Une édition très attendue

Daniel -Birru dbirru@lechodemaskinonge.ca

Une édition très attendue
André Auger prépare avec impatience le festival de la galette de sarrasin, qui approche à grand pas, avec son équipe. (Photo : L'Écho : Daniel Birru)

ÉVÉNEMENT. À l’aube de la 44e édition du -Festival de la galette de sarrasin, son président André Auger se dit très fébrile à l’idée de revenir sur le terrain pour une édition « normale » du Festival, après deux années difficiles en raison de la pandémie.

Cette année, la Ville de Louiseville renouera avec la même recette qui faisait autrefois rayonner ses rues. Les marchands, les festivaliers, les porte-paroles, les motorisés, les touristes : tout y sera à nouveau cette année, au grand plaisir des organisateurs. Avec les nouvelles initiatives qui ont été mises de l’avant pour en assurer la promotion, les organisateurs sont confiants du bon déroulement des choses, pour la semaine tant attendue.
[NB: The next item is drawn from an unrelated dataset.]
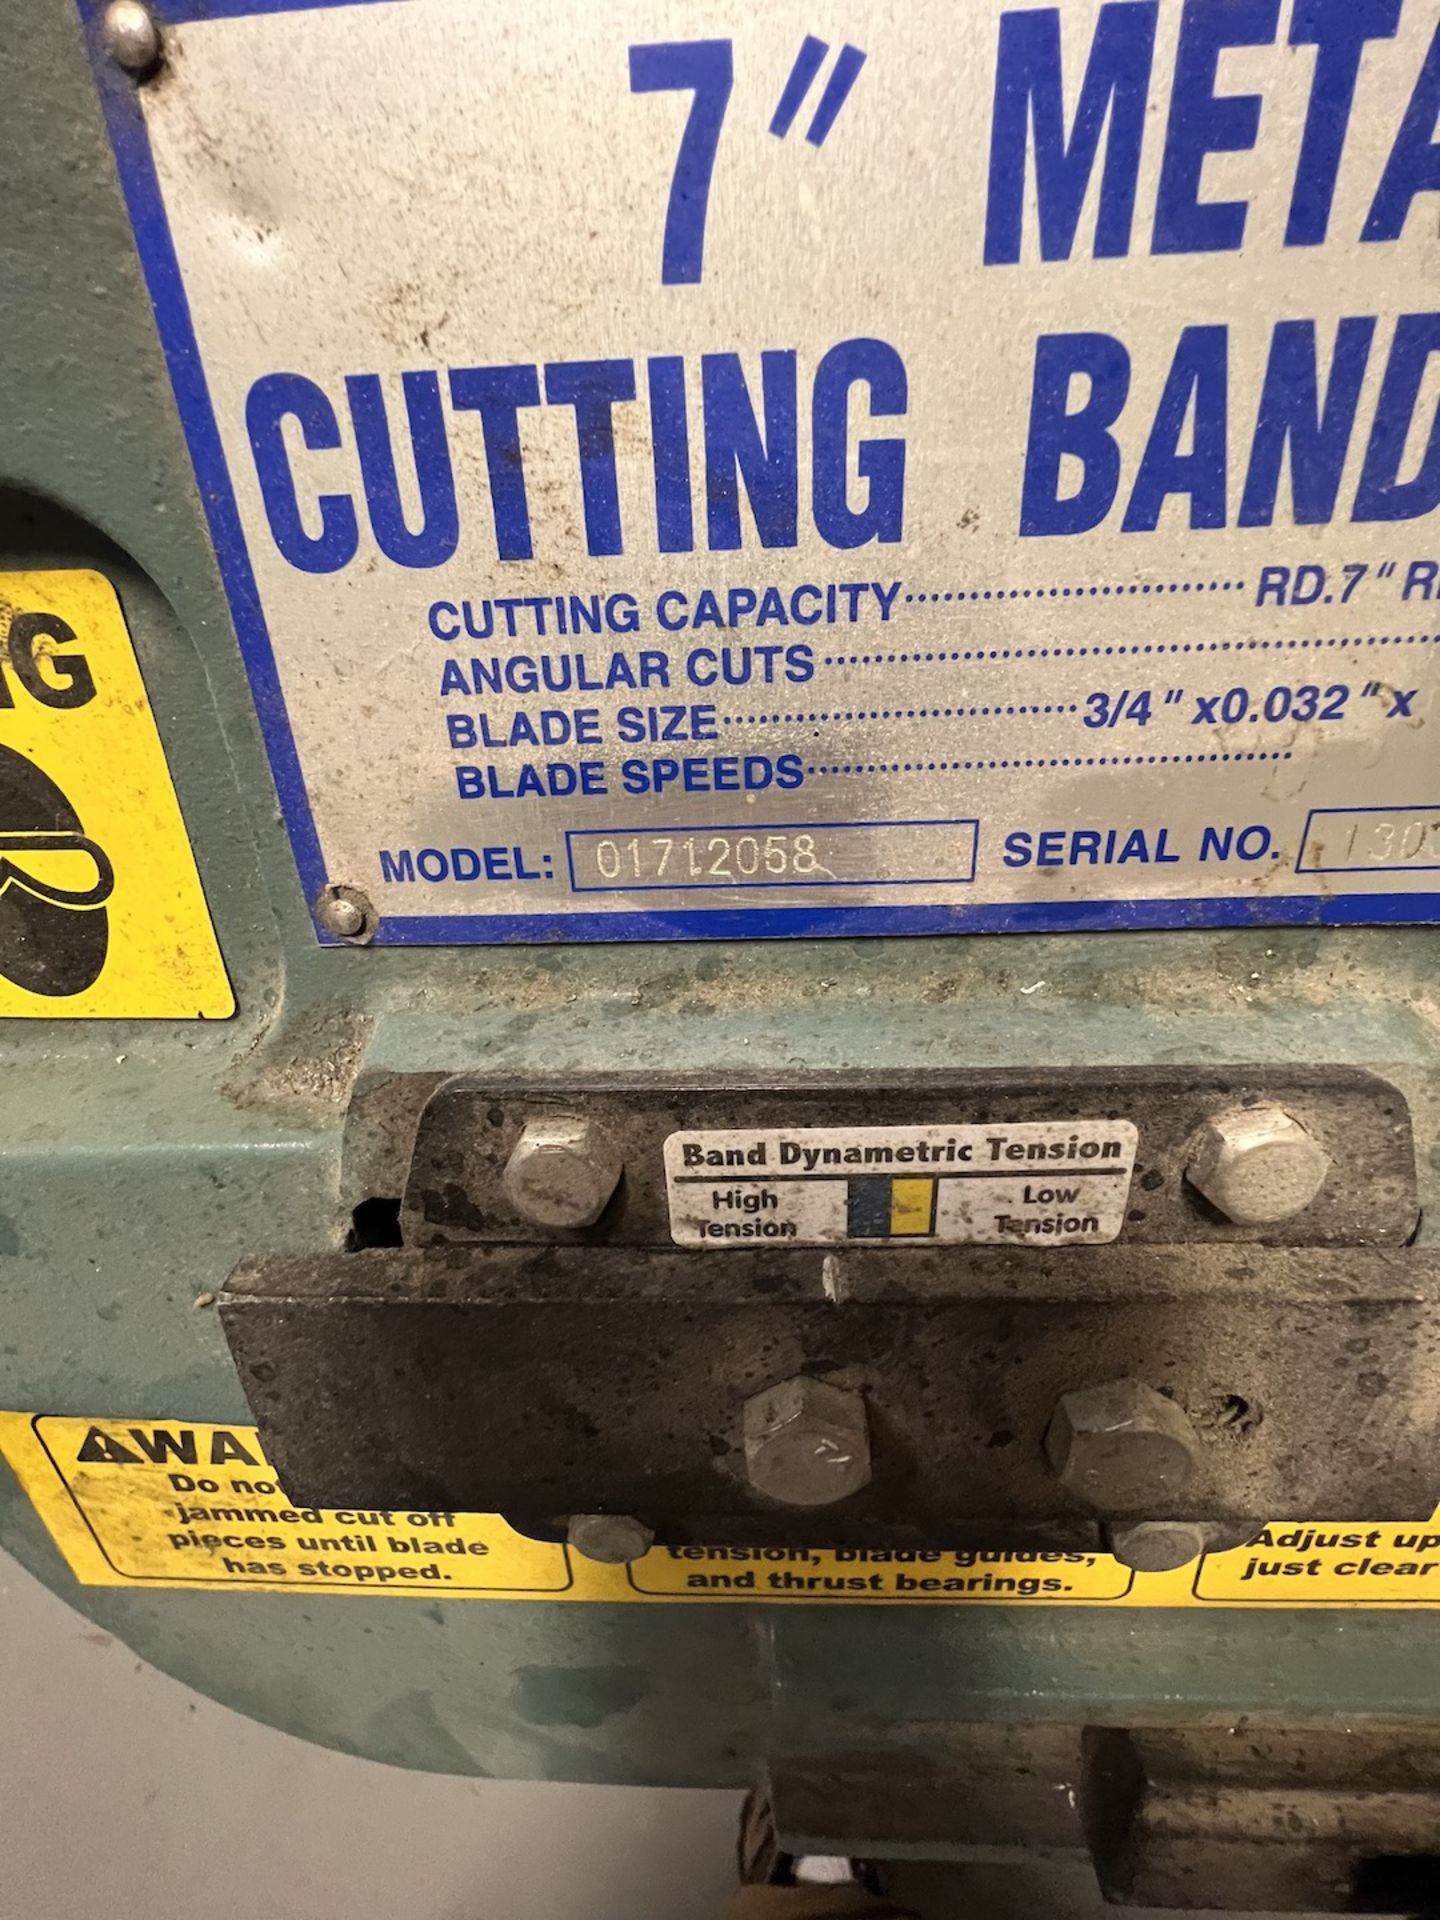 TURN-PRO 7 IN. CUTTING BAND SAW, MODEL 01712058, S/N 13031002, CUTTING CAPACITY RD. 7 IN., RECT 7 - Image 3 of 5

Parmi ces initiatives, les organisateurs ont notamment tenu un sondage pour savoir quels étaient certains des éléments que le public voulait voir être améliorés, cette année. « On essaie de développer les choses positives. […] Les gens demandaient surtout plus d’animation sur la grande rue. Il y aura au moins trois ou quatre endroits où il y aura de la musique. L’autre gros dossier qui a été unanime auprès des gens, ç’a été la Reine meunière, qui ne reviendra pas cette année. Dans l’ensemble, je dirais que ça va bien, mais reste qu’avec le nouveau personnel, ça fait beaucoup de choses à penser, » mentionne le président André Auger.
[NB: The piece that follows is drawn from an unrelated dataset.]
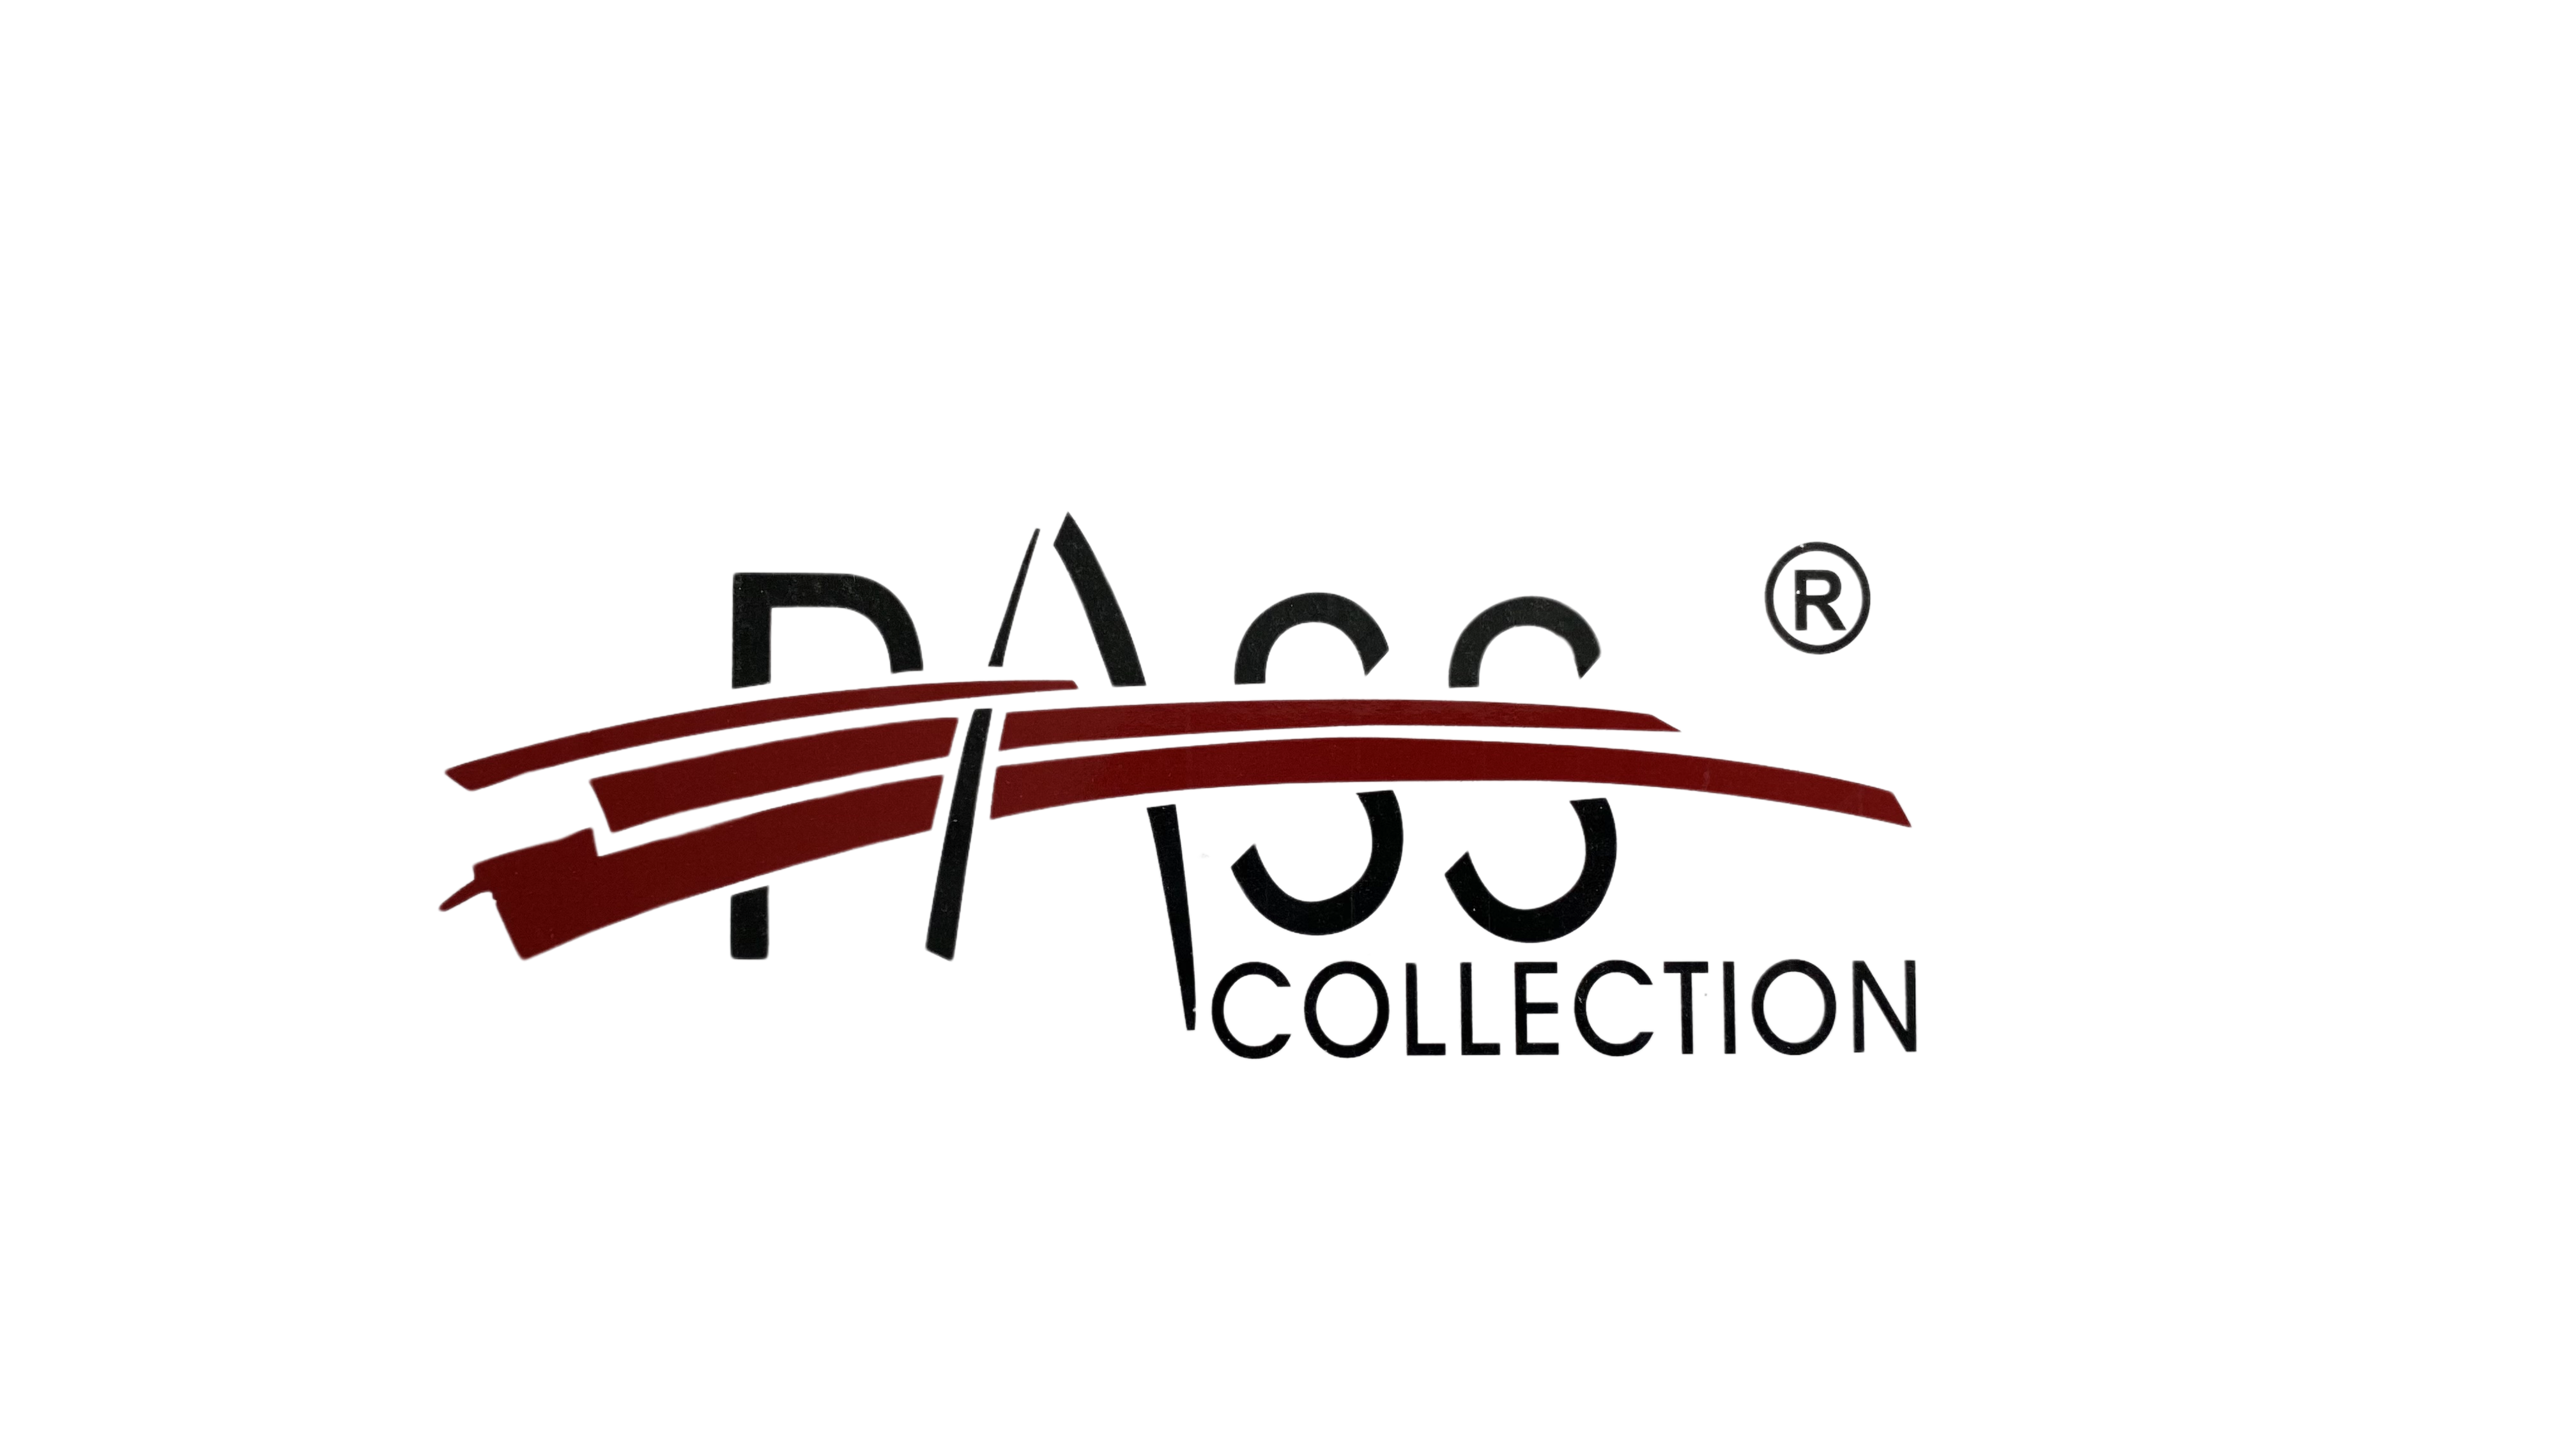 Pass collection

S’il y a de nombreuses idées que les organisateurs aimeraient reprendre ou essayer cette année, le processus vient toutefois avec son lot de défis, comme le reconnaît le président. Selon lui, le plus grand d’entre eux a certainement été de convaincre les organismes locaux de lancer leur nom pour être commanditaires, eux qui pour la plupart ont connu d’importantes difficultés financières en raison de la pandémie. Cela impliquera par conséquent de travailler avec un financement plus serré, et donc, de « se retrousser les manches ». D’autres enjeux, liés notamment à la pénurie de main d’œuvre et à la peur de certains quant aux risques liés à la COVID-19, ont également présenté des défis dans le cadre de l’organisation.

Une présence essentielle

M. Auger compte beaucoup sur la présence des festivaliers lors des événements pour que les gens vivent l’expérience au maximum. « Il faut penser que pour nous, dans nos spectacles, il y a 60 % de la clientèle qui viennent en motorisés. Ces -gens-là, s’ils décident de ne pas sortir, les salles ne seront pas pleines ! Ça risque d’être un gros défi, d’attirer les gens. J’ai un peu moins peur pour les jeunes, entre disons 20 et 25, pour qui on a prévu des activités, mais c’est surtout pour les plus âgés. »
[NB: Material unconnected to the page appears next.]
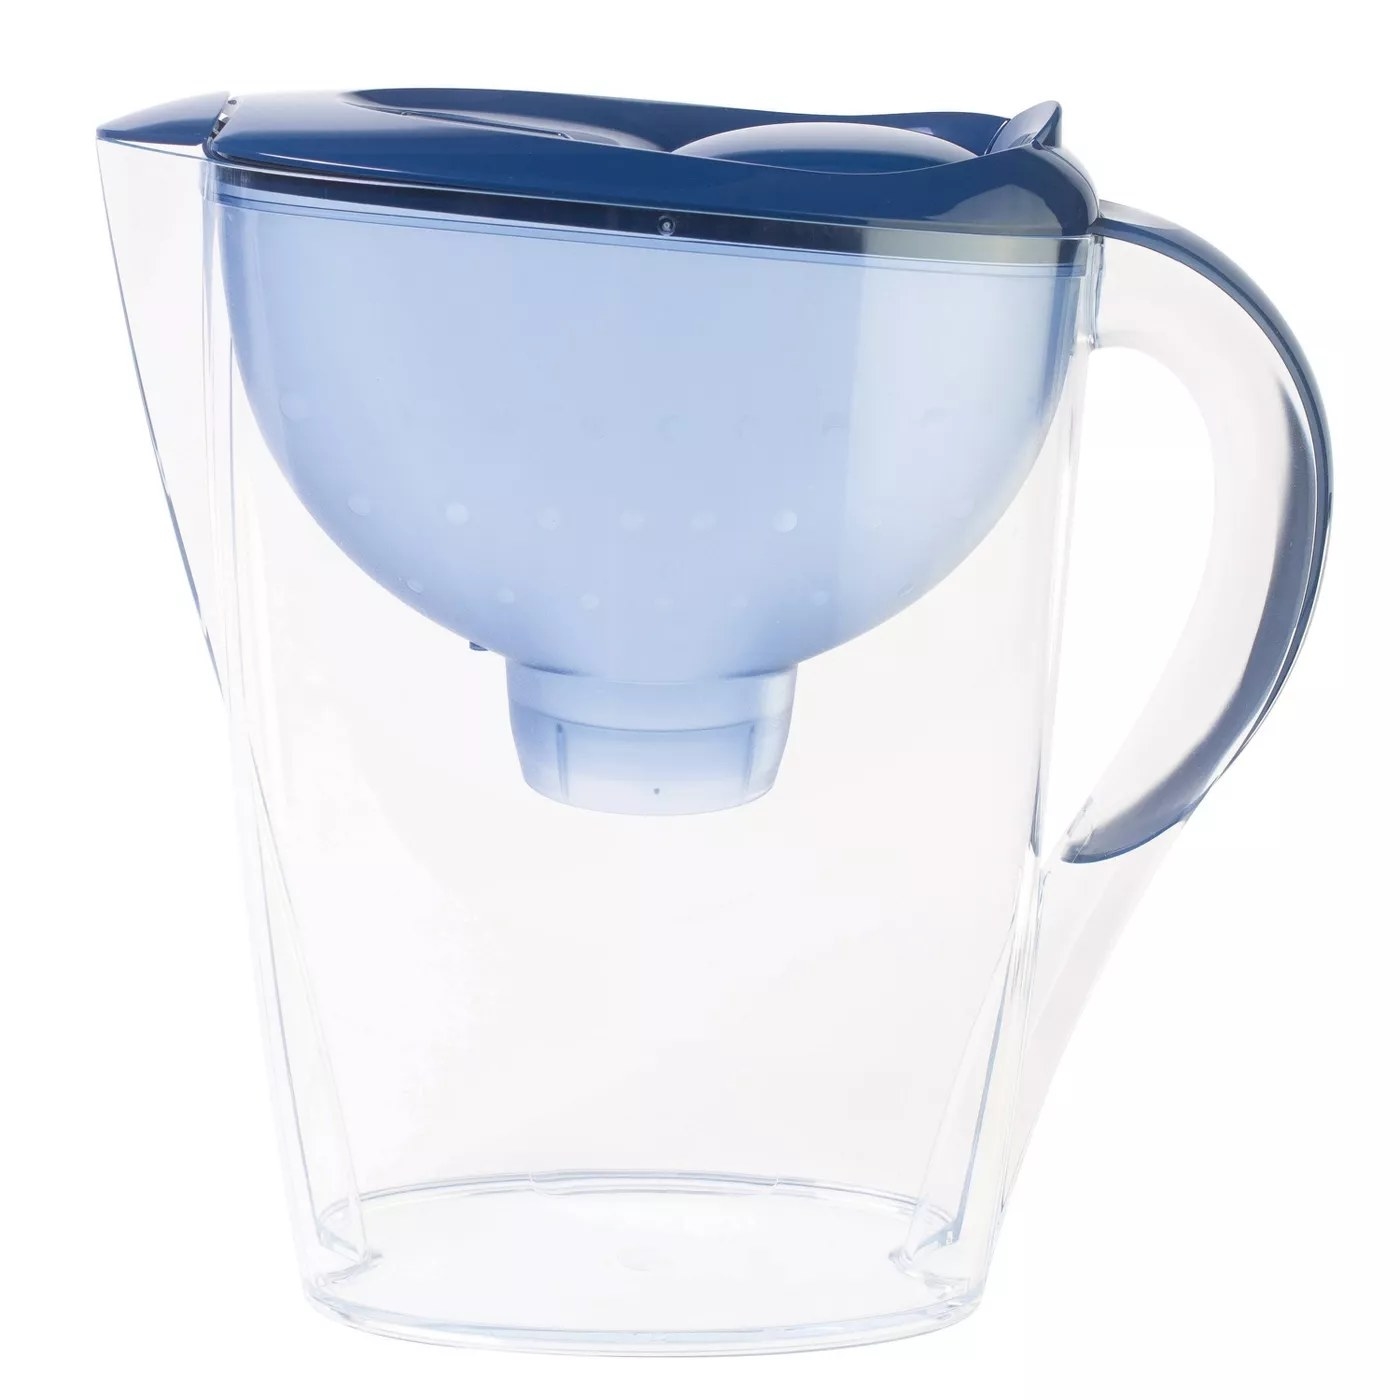 The blue filtration pitcher

André Auger s’attend à recevoir environ de 250 à 300 roulottes sur le territoire, des touristes qui viennent généralement de l’extérieur de la région.

La main d’œuvre, un autre enjeu important

M. Auger mentionne également qu’un autre gros défi cette année a été non seulement de recruter du personnel, mais surtout de les former, après qu’une bonne partie ne soit pas revenue, à la suite de la pandémie. S’il veut s’assurer d’être bien là pour eux, autant dans les préparatifs que durant le festival, il reste que ça lui fait somme toute plusieurs éléments à gérer à la fois. Il souligne le grand soutien de la ville dans le cadre de la préparation de l’événement, que ce soit au niveau des effectifs ou du personnel, entre autres.

Il ne reste maintenant plus qu’à miser sur une belle température dans le cadre de la semaine. Ce sera probablement le plus grand facteur qui déterminera le taux de participation des festivaliers à l’occasion de l’un des plus grands rassemblements d’automne de -Louiseville.